I asked Matt and Andrew what their thoughts were when they found out about Grandpa, who was living at the other end of the country, over 3,000 miles away. Eleven-year-old Matt said he felt horrified and can't even really explain, but it was one of the worst feelings in the world. "Inside I hurt so much, but I didn't cry. My teacher said she was very sorry and would be praying for my grandfather. I think Grandpa is in one of the happiest places in heaven. He's a guardian angel to me. When I pray at school, I feel he is giving me strength. Grandpa is a spirit within God that is helping me. God wants me to know that Grandpa is helping us to do all good things. I remember everyday that Grandpa is with me in spirit."
Matt and Andrew both said that Grandpa made them feel good about themselves even when they felt sad. "He made me laugh." "We talked about school and the things we did... we played checkers... we talked about everything."
Andrew said he felt dreadful, shocked and was in a lot of pain when he found out. He said, "Mommy and I cried together. I'm sometimes moody at school because I can't stop thinking about Grandpa. My friends whose grandparents died are very nice and understanding to me. My teacher felt sorry for me. We have a prayer box in school for someone who is sick or died or if you just want to say a prayer. I did this for Grandpa." Both boys said they "pray for petitions." I asked them to please explain. After Mass in school, a prayer leader calls for everyone to say a prayer to Jesus out of love... and they pray for Grandpa and for Grandma to feel okay.

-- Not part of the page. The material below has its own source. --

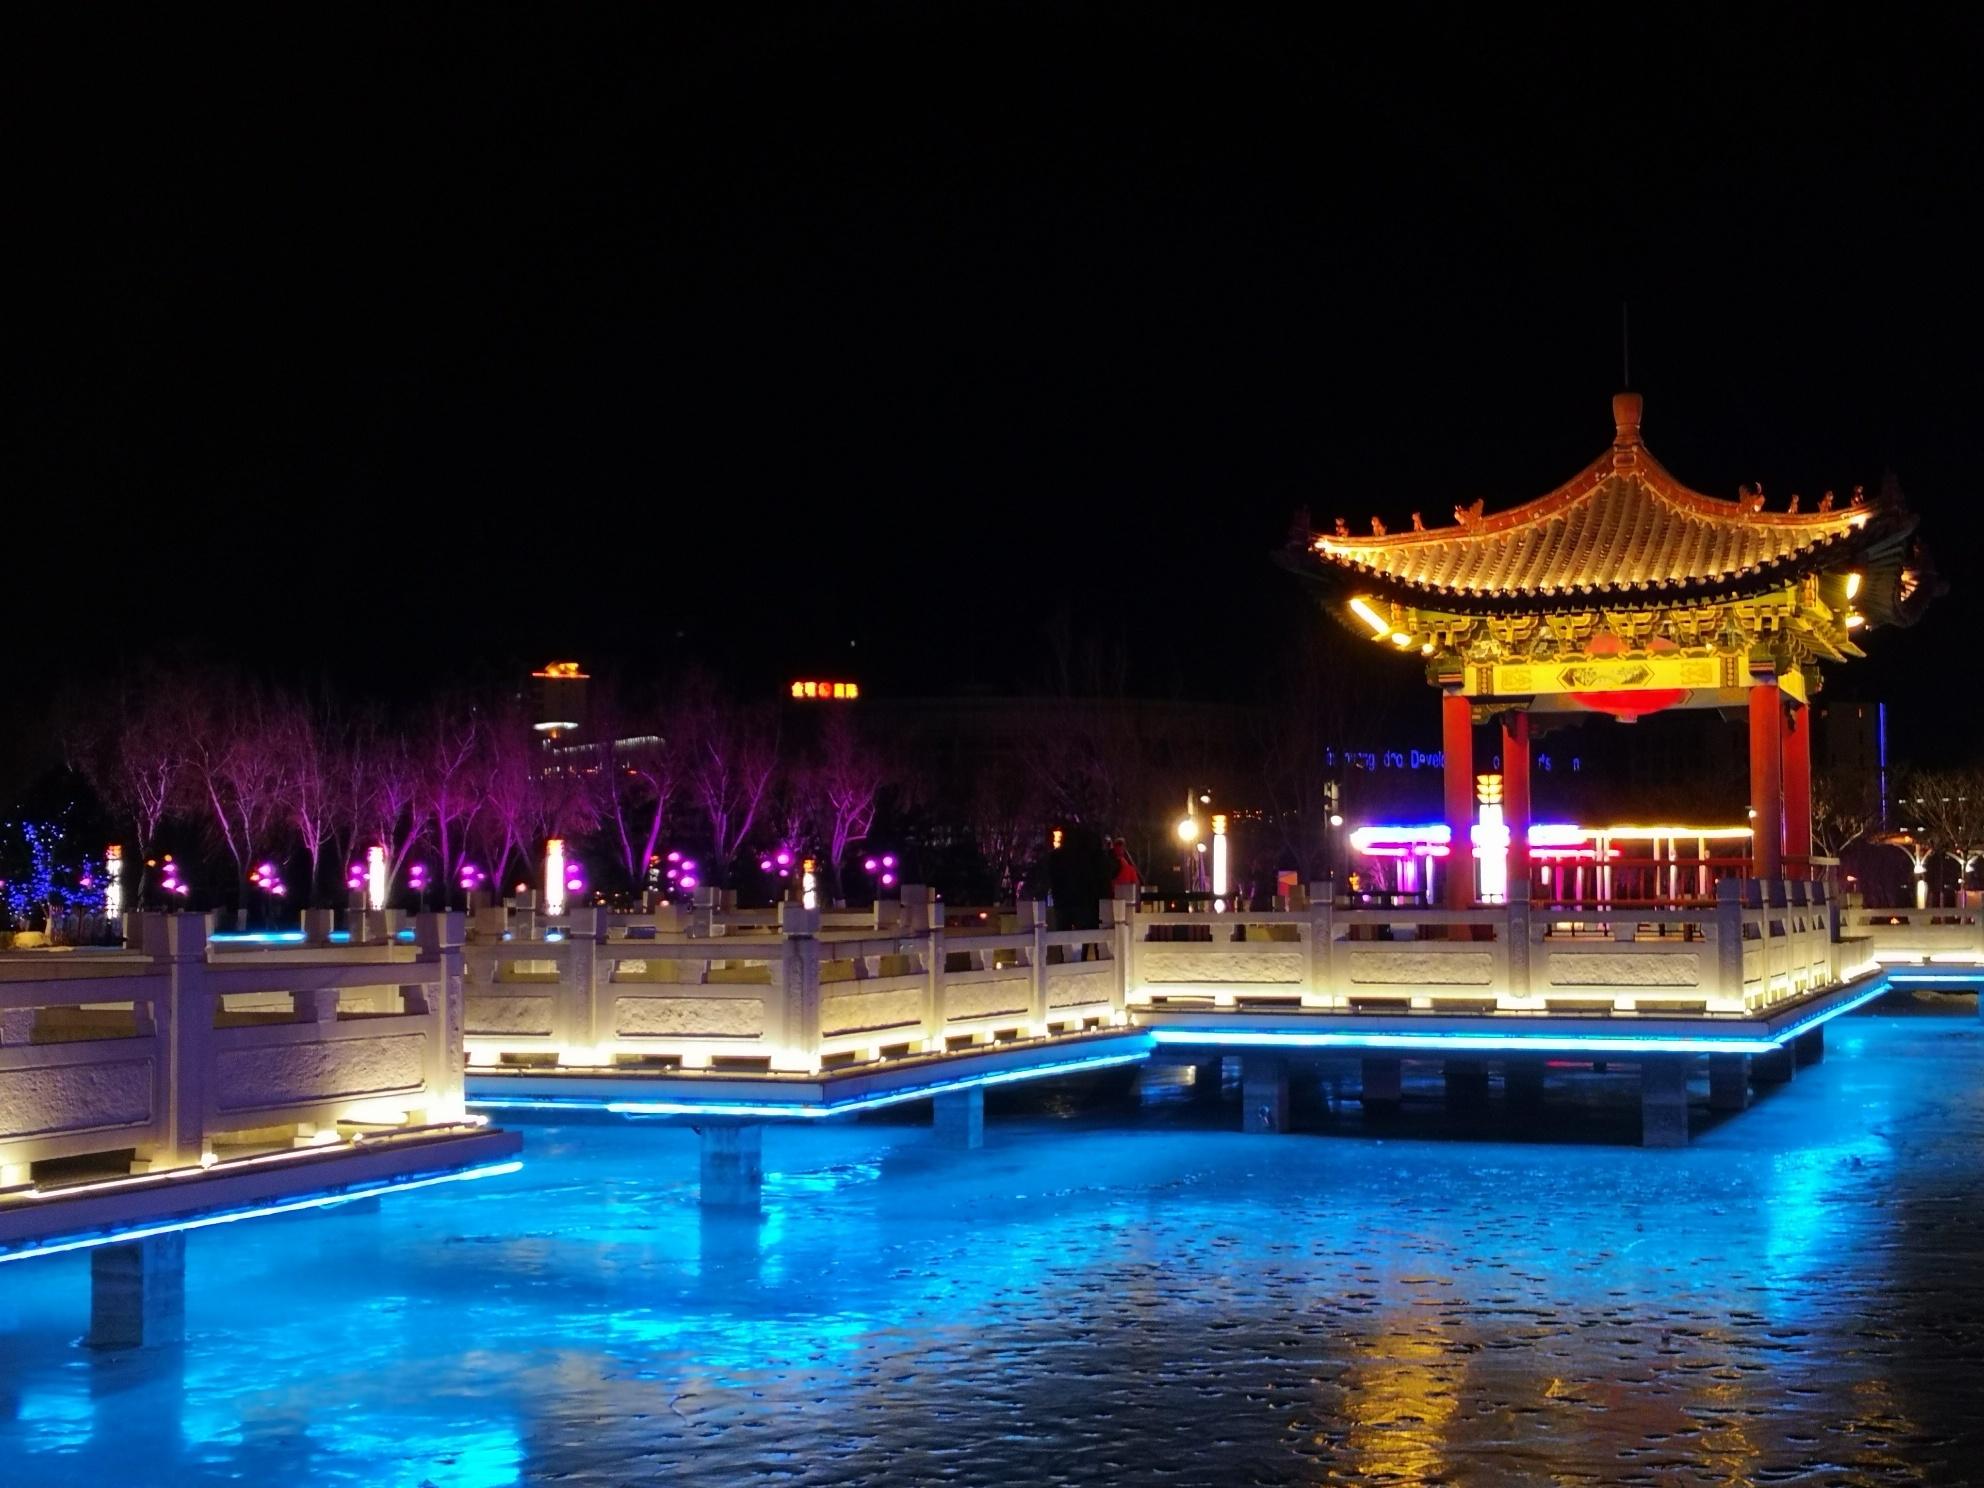 夜游秦皇岛开发区奥体森林公园(正月初八)

What was my reaction to the prayers that I was so unfamiliar with? I was proud of my grandsons and realized the innocence and love they were showing as they told me of these petitions. What was important was the love behind their words, and nothing else mattered to me.

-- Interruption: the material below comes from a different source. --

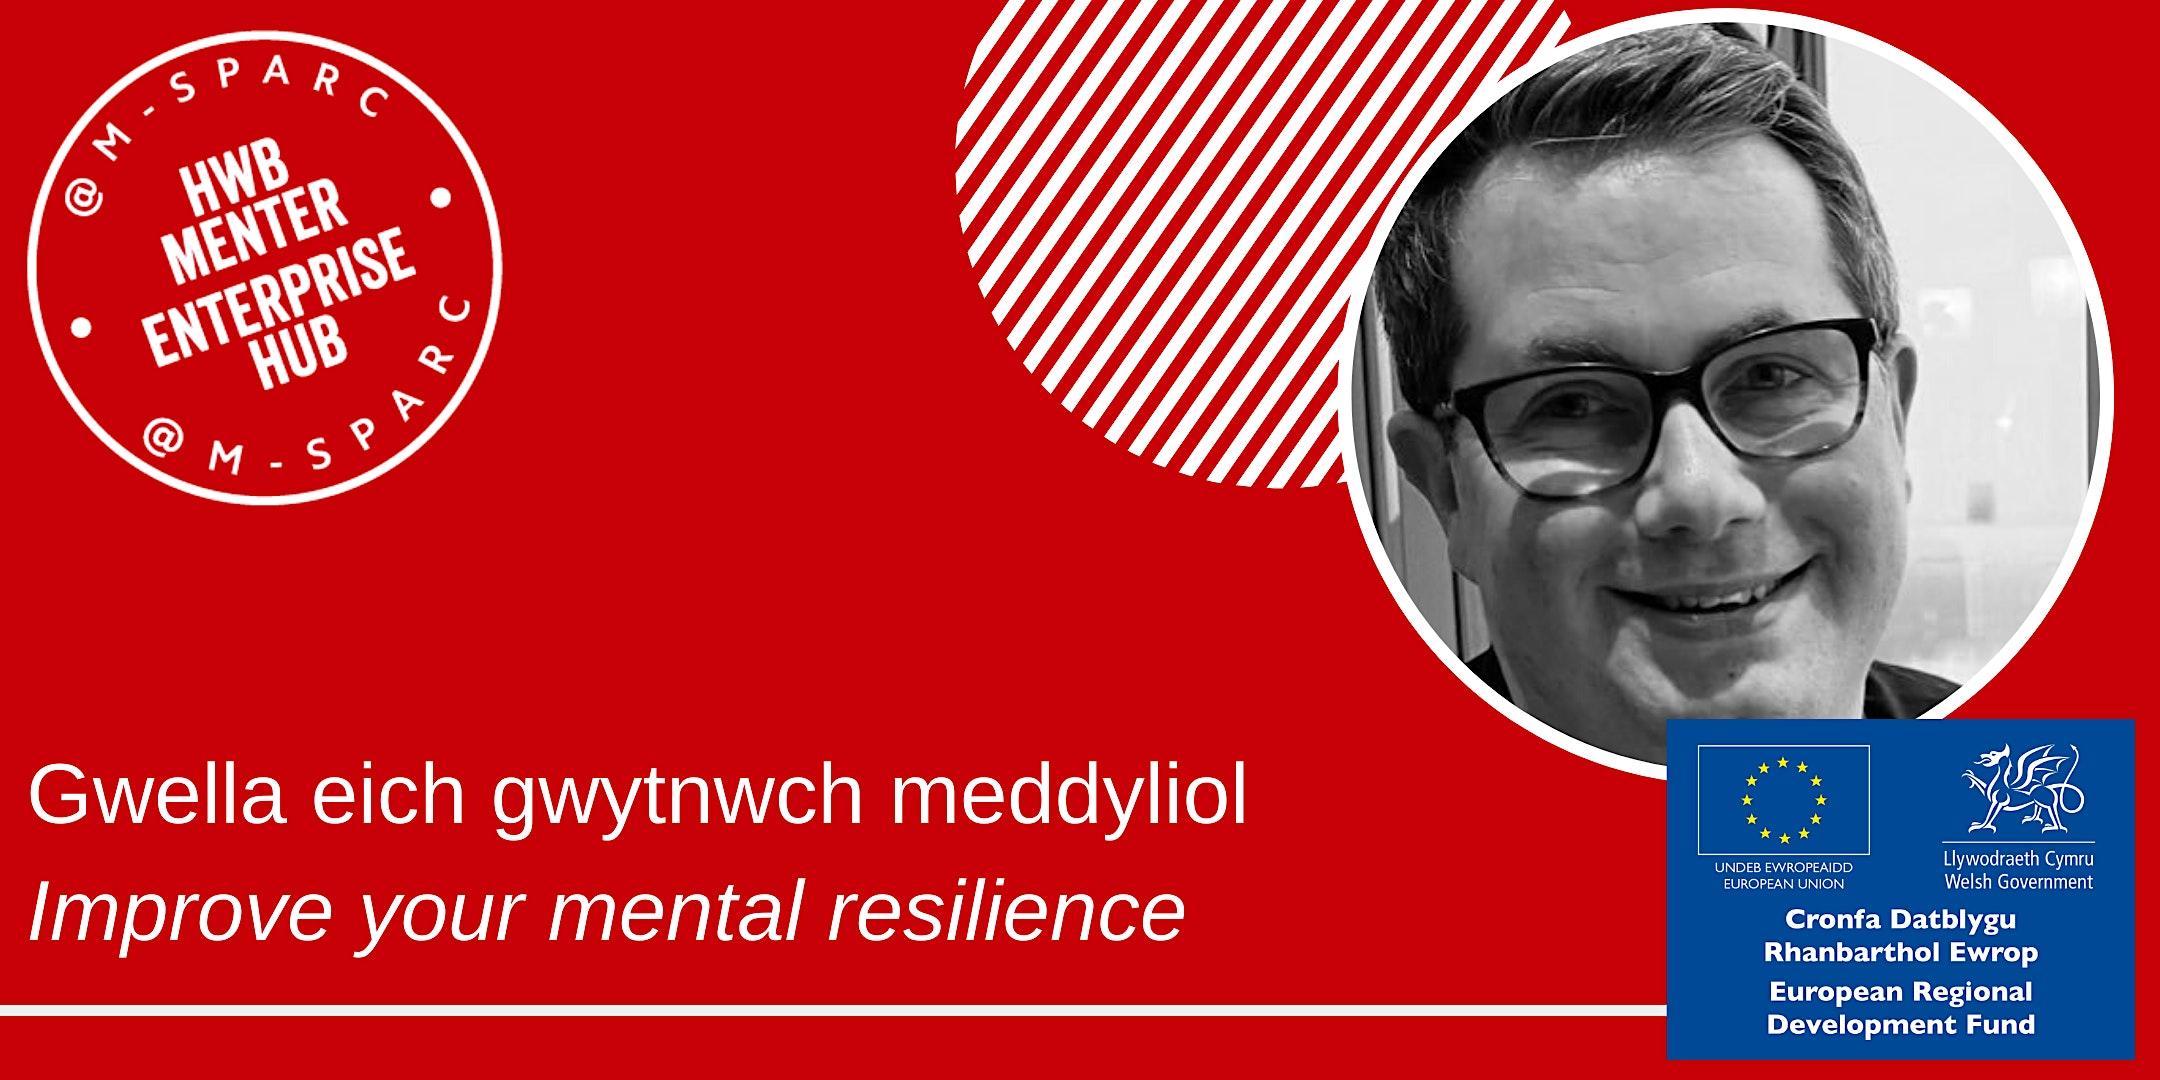 Covid-19:   Gwella eich gwytnwch meddyliol / Improve your mental resilience

I think of families alienated from one another, grandparents who don't see or experience their grandchildren and who don't have love and support from their own sons and daughters due to "differences." Trying to control your children is a no-win situation. You lose the most precious gifts — the love and respect from your children and the ability to see, hear, and touch your grandchildren. My favorite expression is to turn the other cheek because you'll probably get kissed.

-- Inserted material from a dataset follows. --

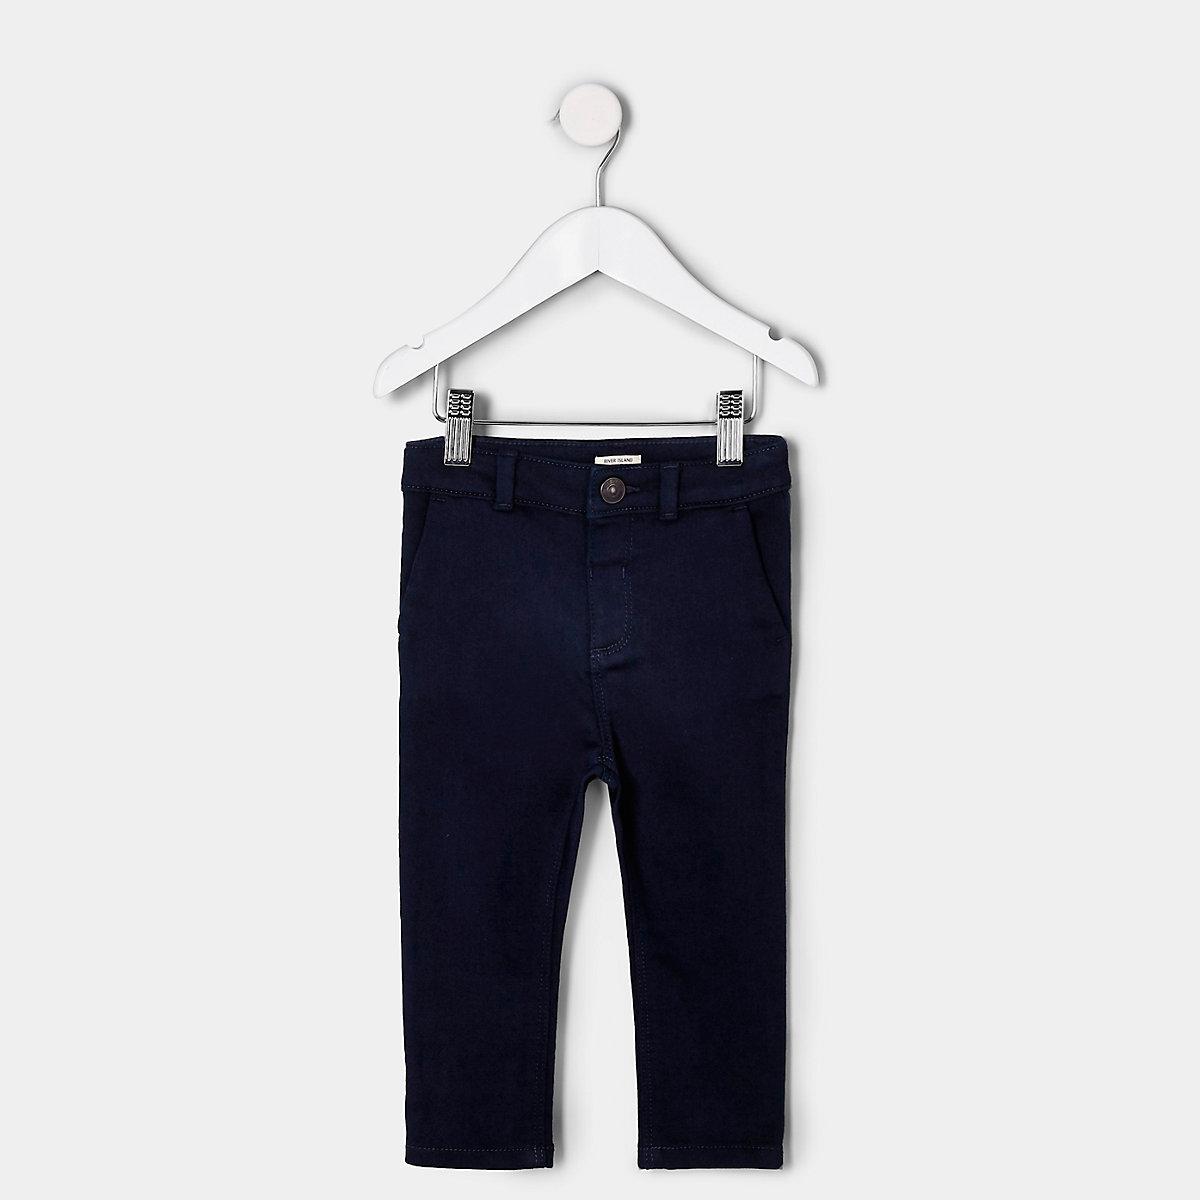 Mini boys navy smart pants

All three of my grandchildren feel their grandfather is in a very special place and watches over them. Their advice to me is "think happy thoughts." In fact, a conversation reflecting the innocence of a child's mind happened when I was visiting the boys' family for two months. The boys saw me crying many times and nine-year-old Andrew came in my room one night and said "Grandma, I have an idea for you. If every time you think of Grandpa, you cry, just don't think about him anymore." I was very careful not to say anything about his suggestion. I gently told him that I knew his grandfather over fifty years and he was worth my tears, but his idea is a very positive one for many other situations, such as losing a game or being upset with a friend. He understood and then said it upsets him to see me cry, but he understands.
Differences? There may be some, but when both boys spoke of "stewardship," I asked for an explanation. It seems stewardship refers to "acts of kindness towards family, neighbors, and your parish, and how a simple act of kindness can make a huge difference it the world." I told them about "mitzvahs," good deeds, and how similarly their father performed mitzvahs before his bar mitzvah, and somehow still does so today.
When I attended grandparents' day at my grandsons' school, Matt's teacher said, "a wonderful and special letter" was awaiting me. She was right. Matt gave me permission to share his words with you.
Thank you for showing me all the good things God has done for us. I am so glad that I am able to share Catholic and Jewish faith. I want you to know I love you and want to thank you for giving me a great Dad and I can celebrate Passover and Hanukkah with. I love you so much,
So what are the differences I felt? None.